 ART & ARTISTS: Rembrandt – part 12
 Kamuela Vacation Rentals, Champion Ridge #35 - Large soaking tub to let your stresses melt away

--

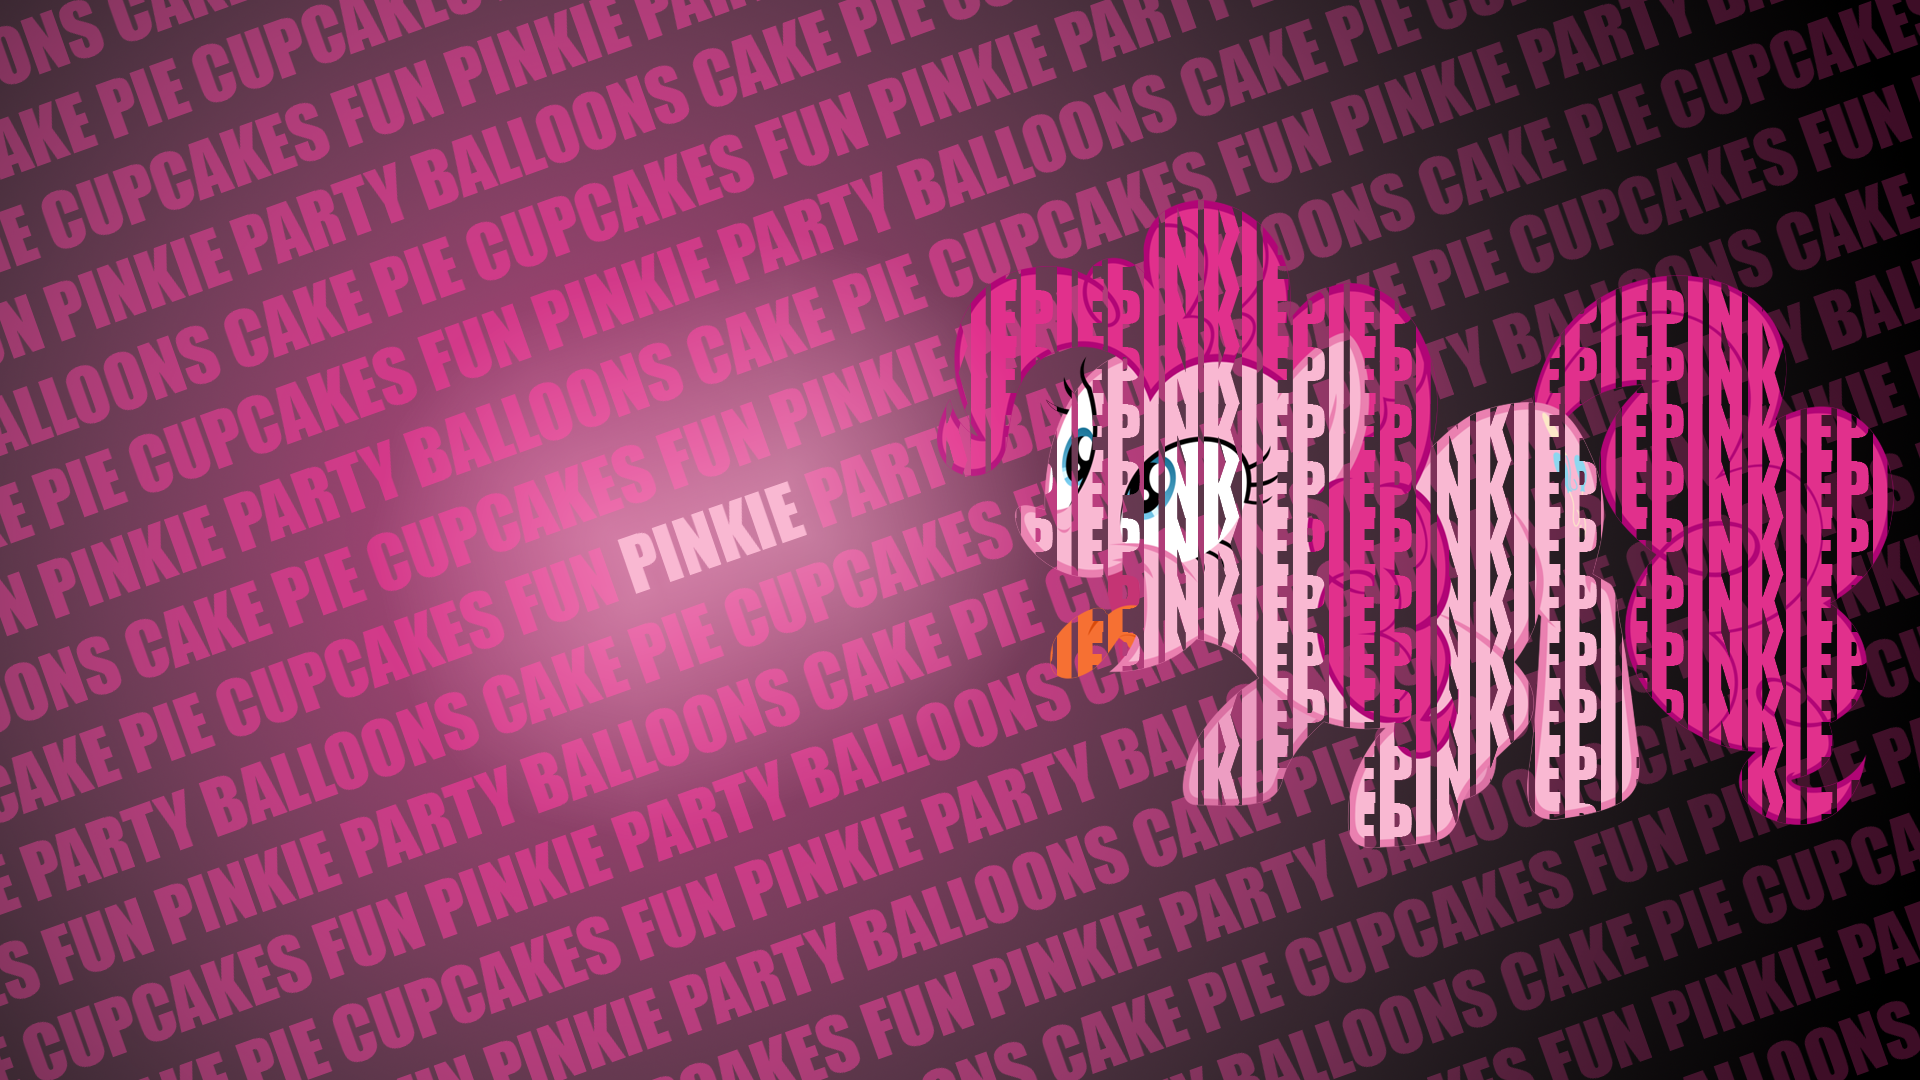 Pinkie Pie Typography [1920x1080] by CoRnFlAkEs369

--

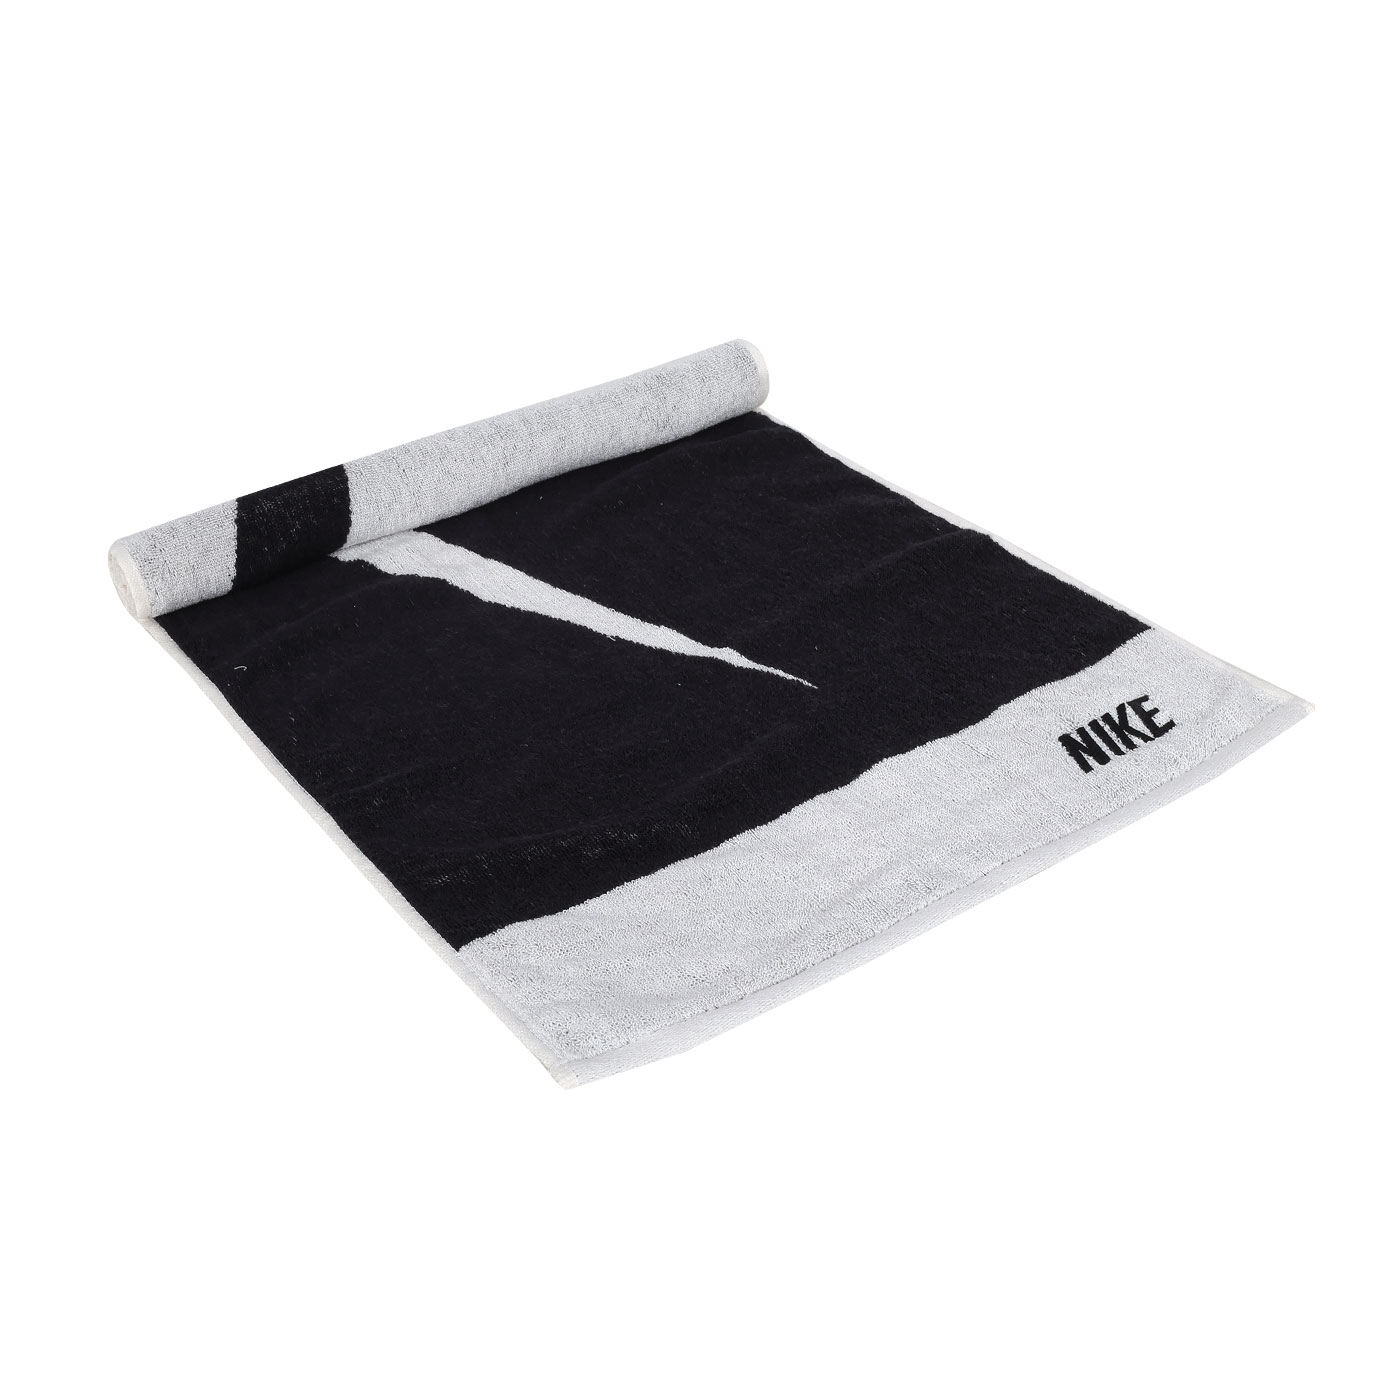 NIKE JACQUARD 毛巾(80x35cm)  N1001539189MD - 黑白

» **WORK ORDER**
Given the records above, restate word for word only the lines starting at the one with "ART & ARTISTS: Rembrandt – part 12" and ending at the one with "Kamuela Vacation Rentals, Champion".

» **EXERCISE RESULT**
 ART & ARTISTS: Rembrandt – part 12
 Kamuela Vacation Rentals, Champion Ridge #35 - Large soaking tub to let your stresses melt away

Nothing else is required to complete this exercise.